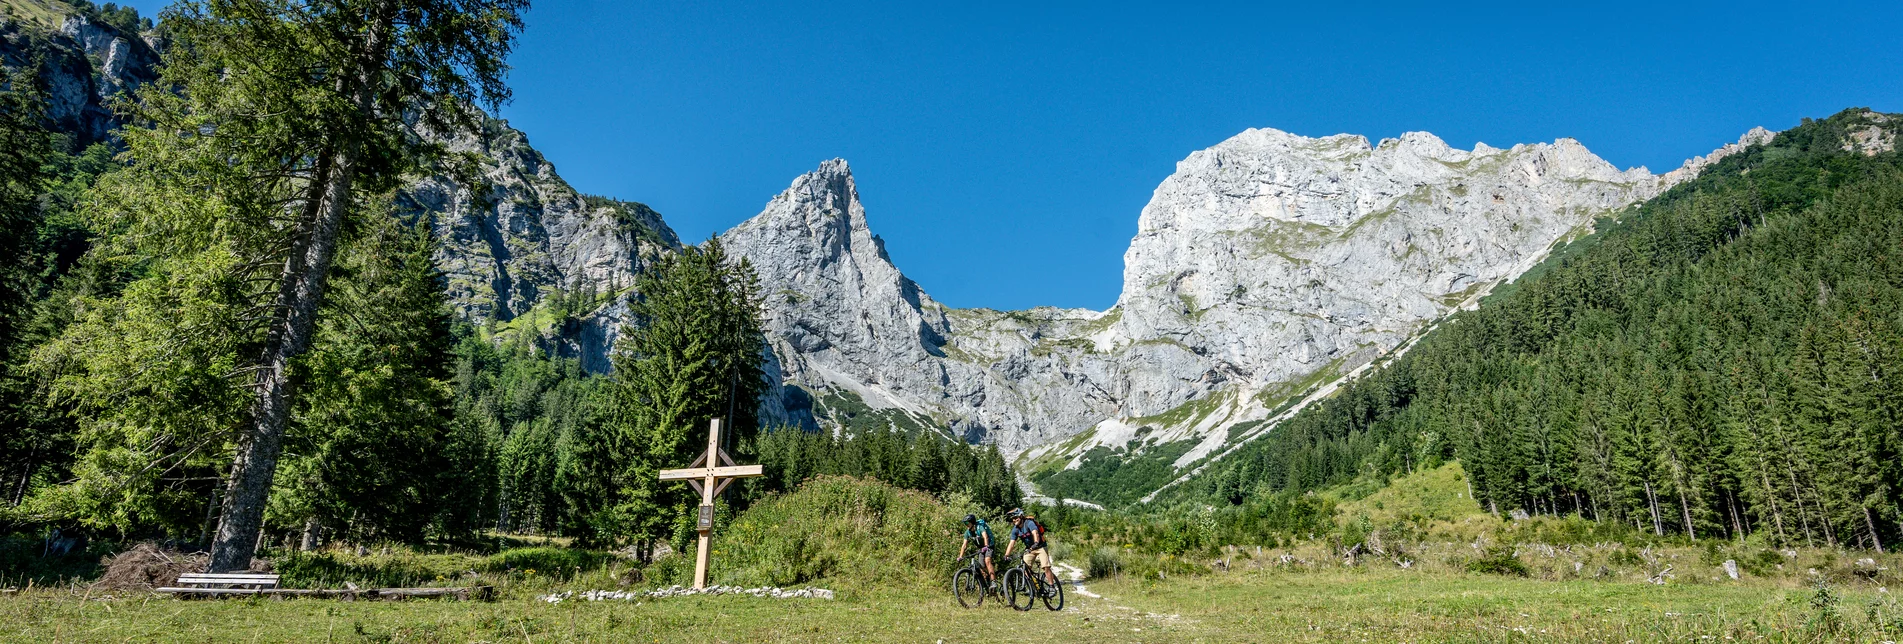 Mountain biking in the Eisenerz Ramsau | © STG | Jesse Streibl
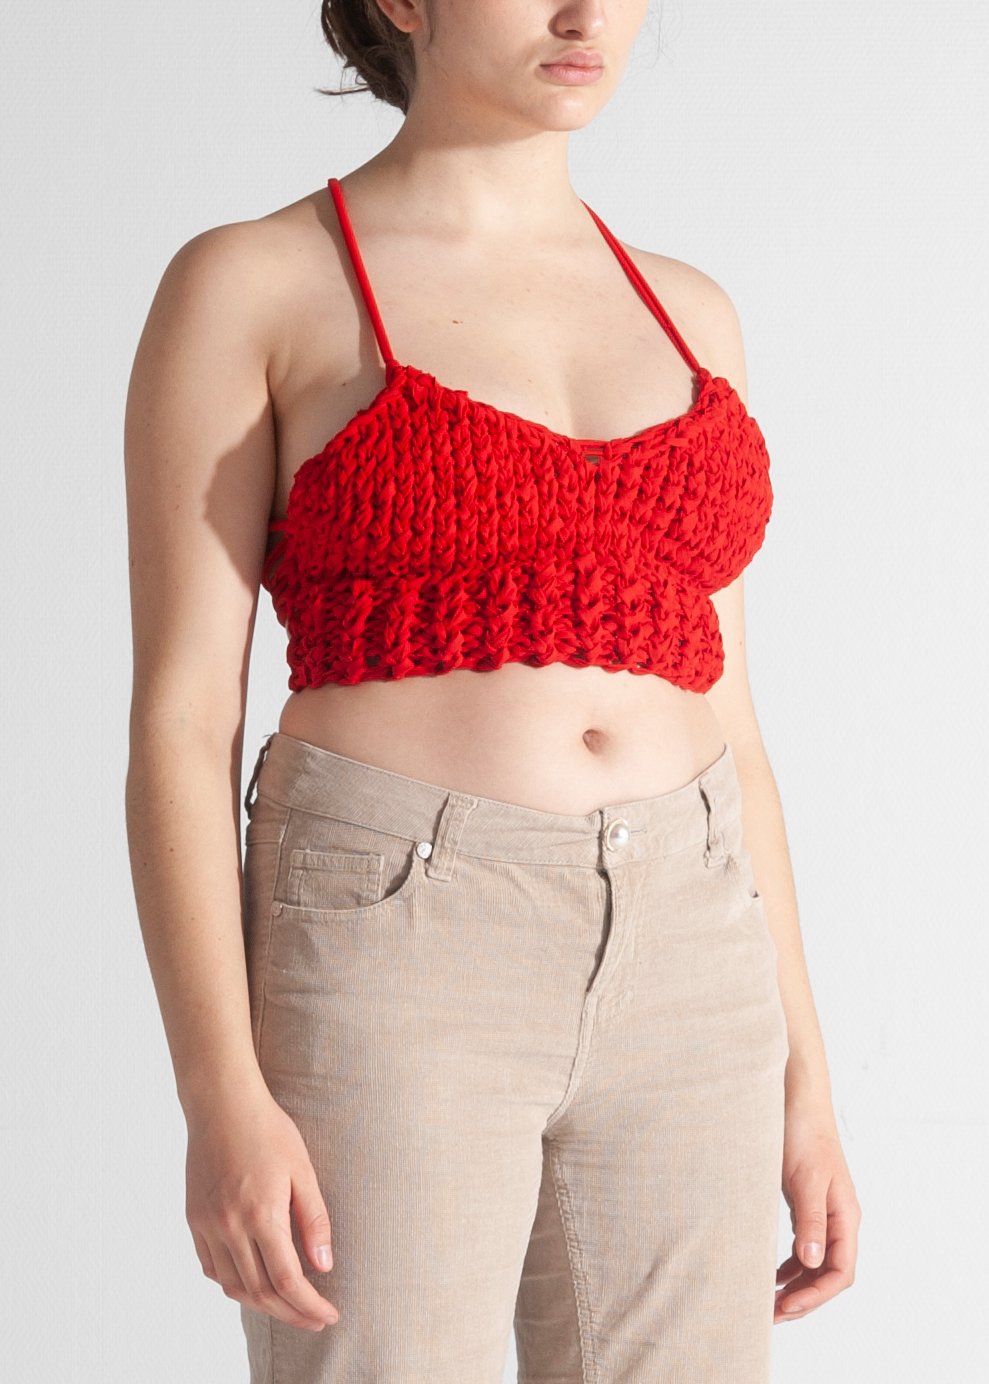 Anouk 90s knit top tricoté été collectif GAMUT rouge
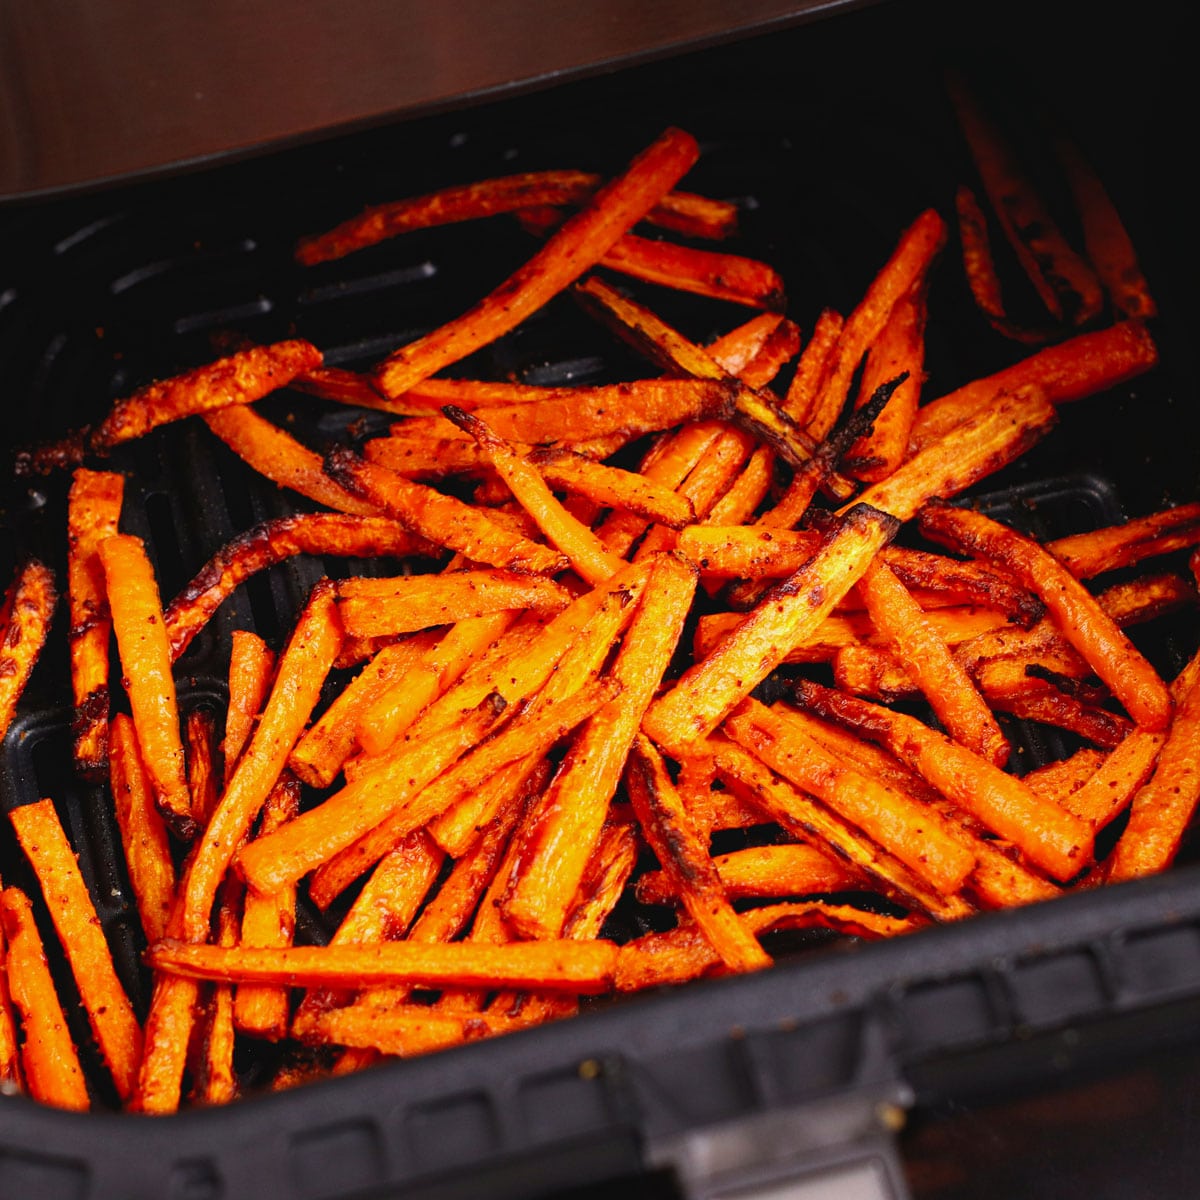 Roasting carrot fries in air fryer
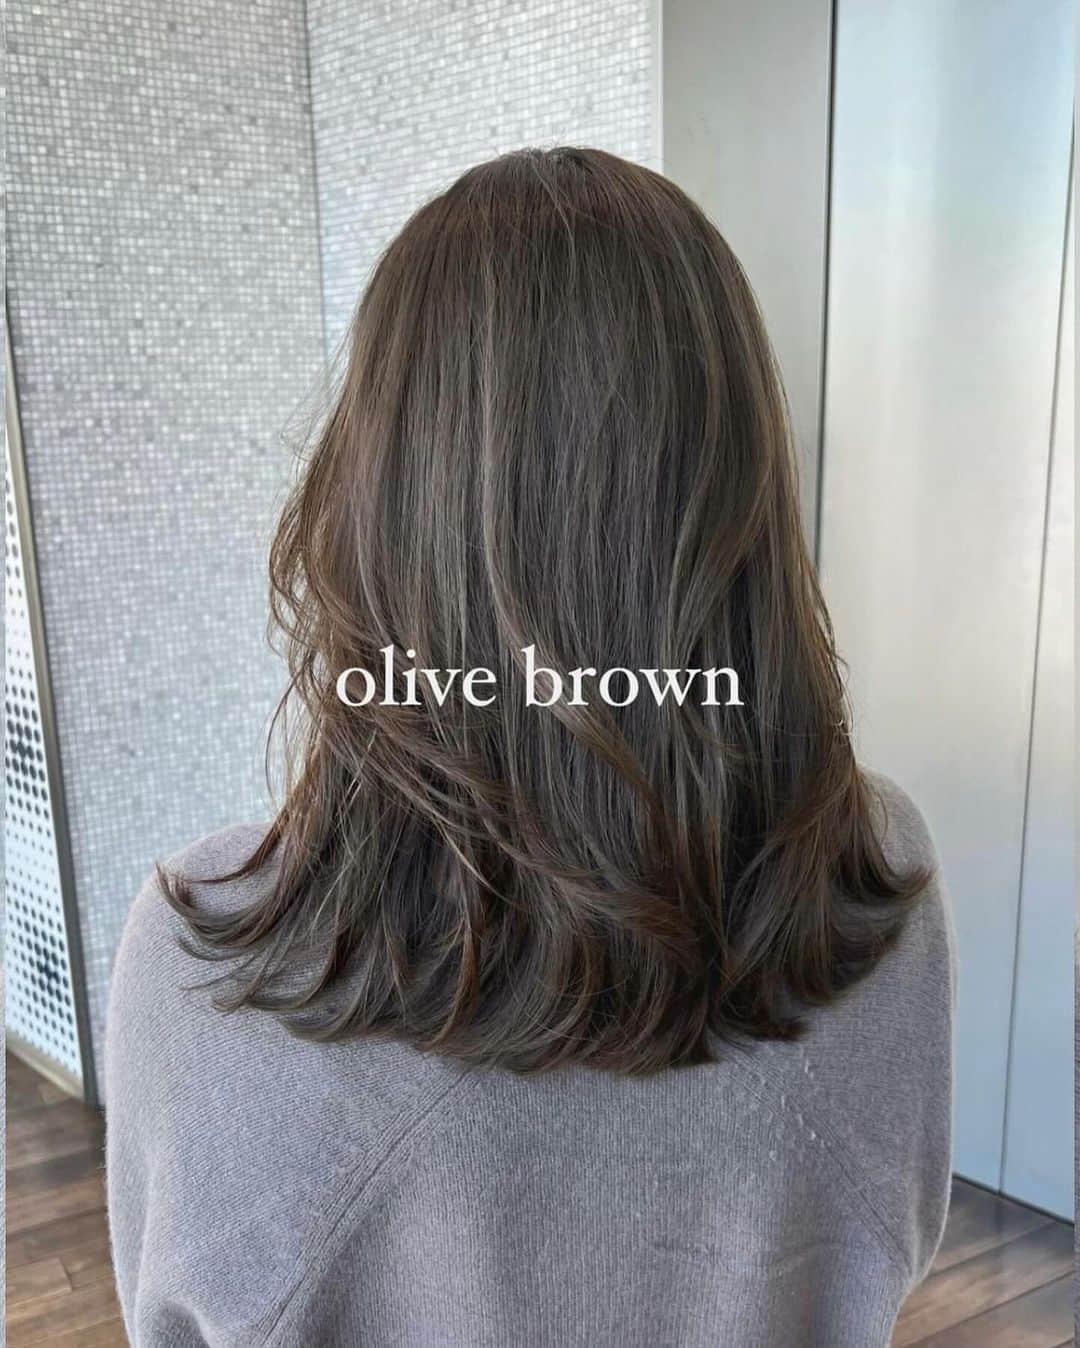 美容室ZACCのインスタグラム：「olive beige  カラーを繰り返しても、ダメージを感じない髪に🤍  低ダメージで髪に負担をかけないように 柔らかい仕上がりに🤍  綺麗な理想のヘアになりましょう🪞  可愛いくびれヘア ふんわりレイヤーヘア 綺麗め毛流れヘア、お任せください🤍  保存してカウンセリング時にお見せください🌱 ⁡ お気軽にご相談ください✂︎ stylist by ZACC vie @riiiiharu36   ーーーーーーーーーーーーーーーーーーーーーー 【ご新規様限定📣】 ZACCホームページのweb予約にて初回10%off🌿 ✔︎ザック全店ご新規様（表参道、銀座） ✔︎平日のみ対象 ✔︎カット、前髪カットのみ対象外  【price】 カット¥8,250→¥7,425 カット+カラー¥18,150→¥16,335 カット+カラー+トリートメント→¥25,850→¥23,265 その他全メニュー対象です🗣 （カットのみ、前髪カットのみ対象外） ーーーーーーーーーーーーーーーーーーーーーーーーーー 東京都港区北青山3-11-7 Aoビル4F 表参道駅B2出口　徒歩30秒 ☎︎03-5468-5882  #美容室#表参道#zacc#韓国風ヘア#韓国ヘア#レイヤーカット #レイヤースタイル #ミディアムヘア #くびれヘア #くびれミディ #くびれヘア #ヘアスタイル  #表参道美容室 #ザック #艶髪カラー#オリーブグレージュ #オリーブベージュ」

ASSIGNMENT |
Repeat, exactly and in full, each line from the start of the data to the line that contains "Roasting carrot fries in air fryer". Pictures do not go in.

WRITTEN ANSWER |
 Mountain biking in the Eisenerz Ramsau | © STG | Jesse Streibl
 Anouk 90s knit top tricoté été collectif GAMUT rouge
 Roasting carrot fries in air fryer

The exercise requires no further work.